I figured it out - envoy gateway allows setting this parameter directly on helm values - no need for kustomize:
certgen:
job:
ttlSecondsAfterFinished: ~
Or set it to 60
and it doesn't bug ArgoCD too.
FYI - present in v2.10.7 but not in v2.10.4.
I'm experiencing the same challenge on production.
Interestingly, I ran an application locally and all the hooks - PreSync, PostSync and SyncFail seem to have worked without tweaking anything. Wondering why????
FYI - Running into the same issue with longhorn on ArgoCD v2.10.1+a79e0ea.

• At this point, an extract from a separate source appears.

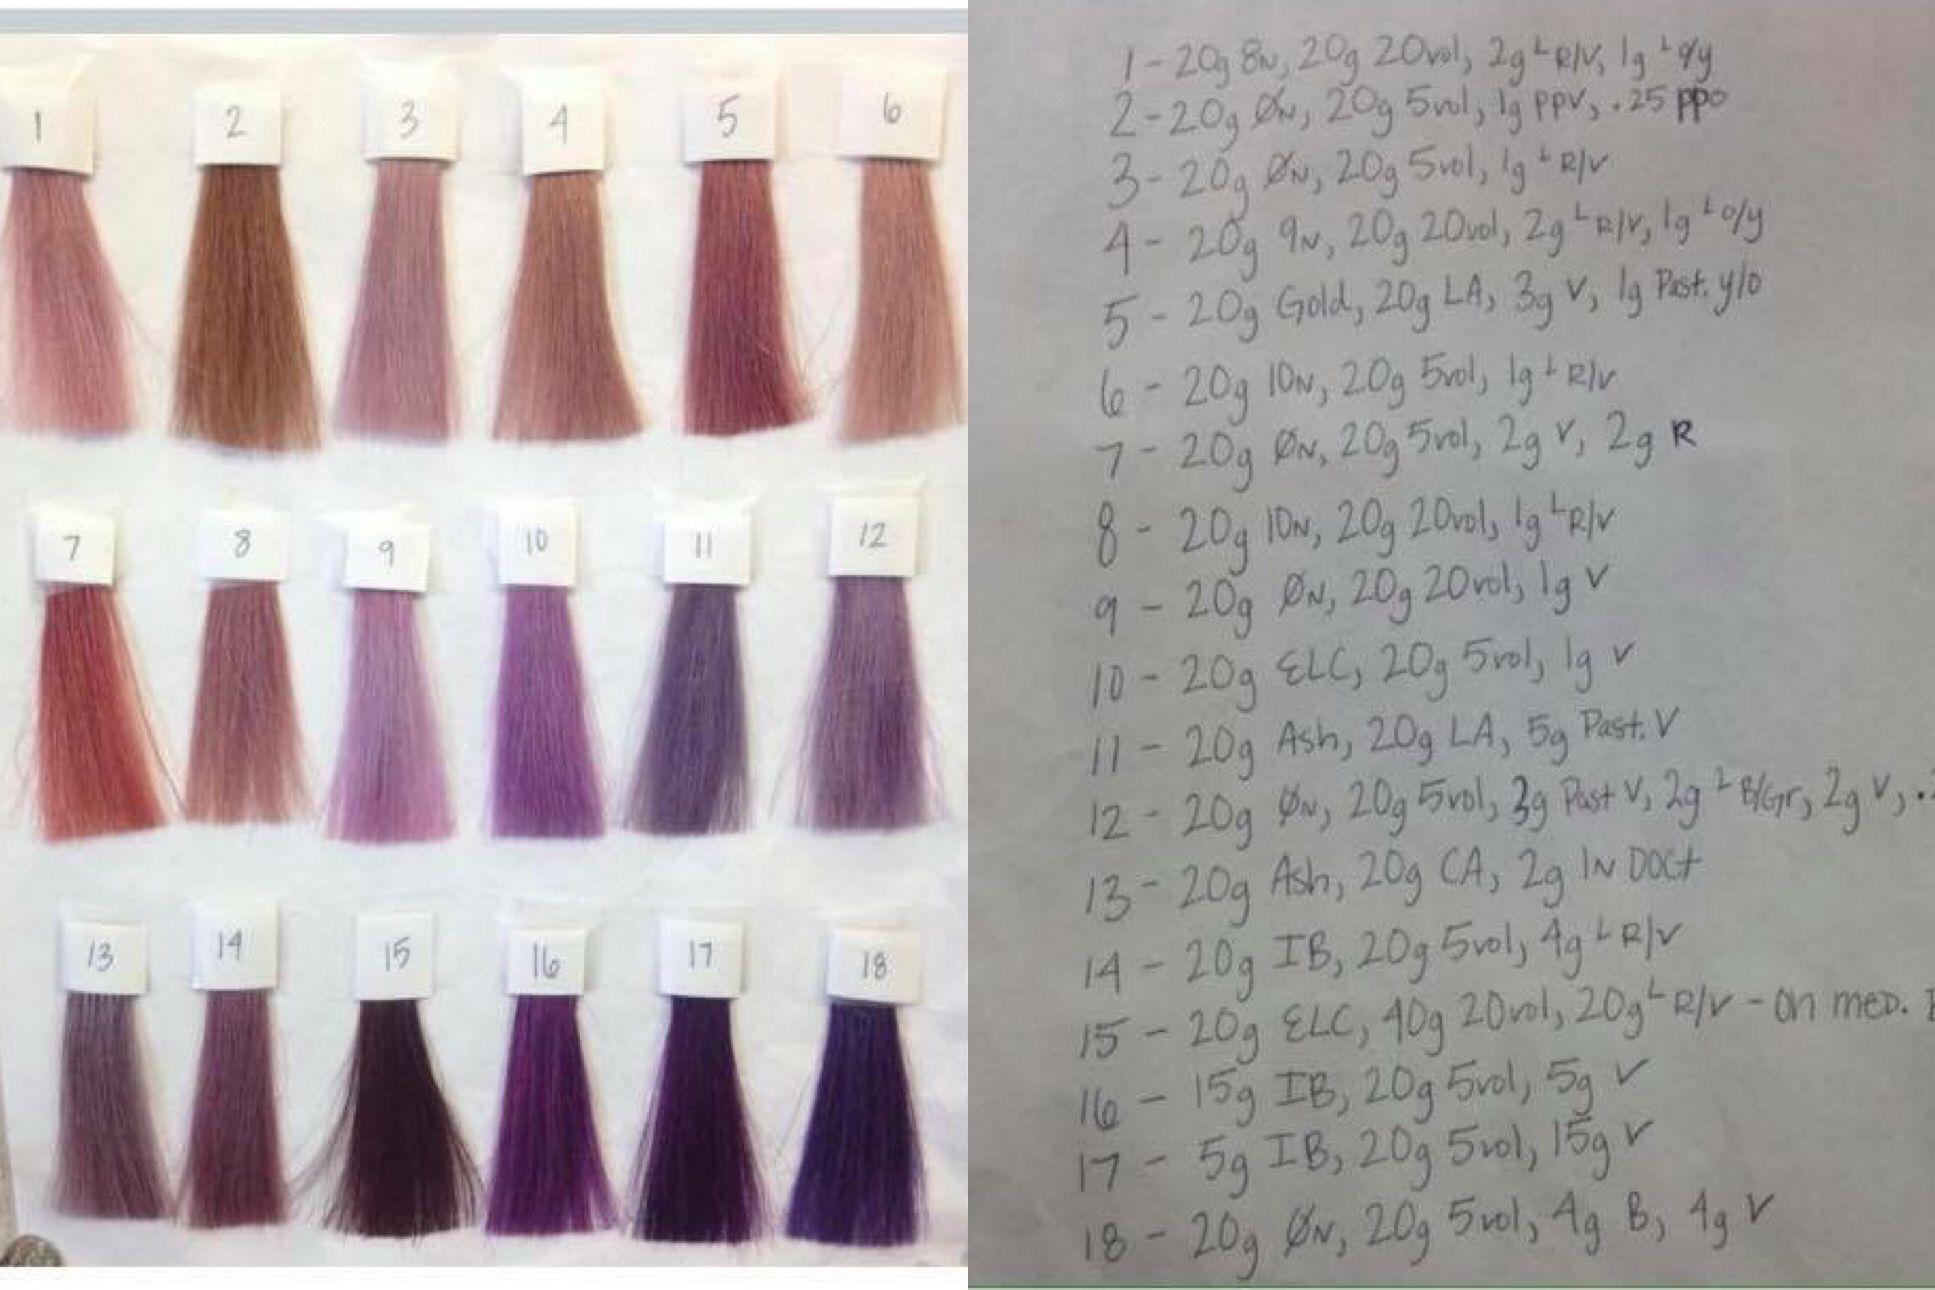 Pin By Aliya Jonic On Aveda Aveda Hair Color Aveda Color Hair Color Chart

edit: found this relevant to the longhorn chart. it seems they added a value that can be set to false in order to work with argocd
I'm using v2.11.0+f287dab and hit the same problem with whatever version of kube-prometheus-stack from 45.0.0 on. Last testing was with the most recent one, 58.0.0, and still facing the issue. Sadly, no workaround worked for me yet
Maybe a ttl > 0 is needed also in https://github.com/prometheus-community/helm-charts/blob/9c41858ac9714483638d78fb560577dc37e55875/charts/kube-prometheus-stack/templates/prometheus-operator/admission-webhooks/job-patch/job-createSecret.yaml#L19
just according to others who changed the ttl. Maybe someone can shed some light on this why changing the ttl helps in some charts?

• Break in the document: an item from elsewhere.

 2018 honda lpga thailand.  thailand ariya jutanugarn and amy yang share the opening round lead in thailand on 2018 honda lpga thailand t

@jkleinlercher if I understand the issue, it seems that when the TTL is set to 0 ArgoCD does not have the time to detect the job succedeed and waits for it to finish indefinitely.
I also asked again in https://cloud-native.slack.com/archives/C01TSERG0KZ/p1714376880925509 about this issue. Would be happy if we could get some experts in to tell if "ttlSecondsAfterFinished: 0" in a hook job is a problem (or under which circumstances it could be a problem). Maybe then some off-the-shelf helm-charts could be reconfigured to solve this problem for everyone.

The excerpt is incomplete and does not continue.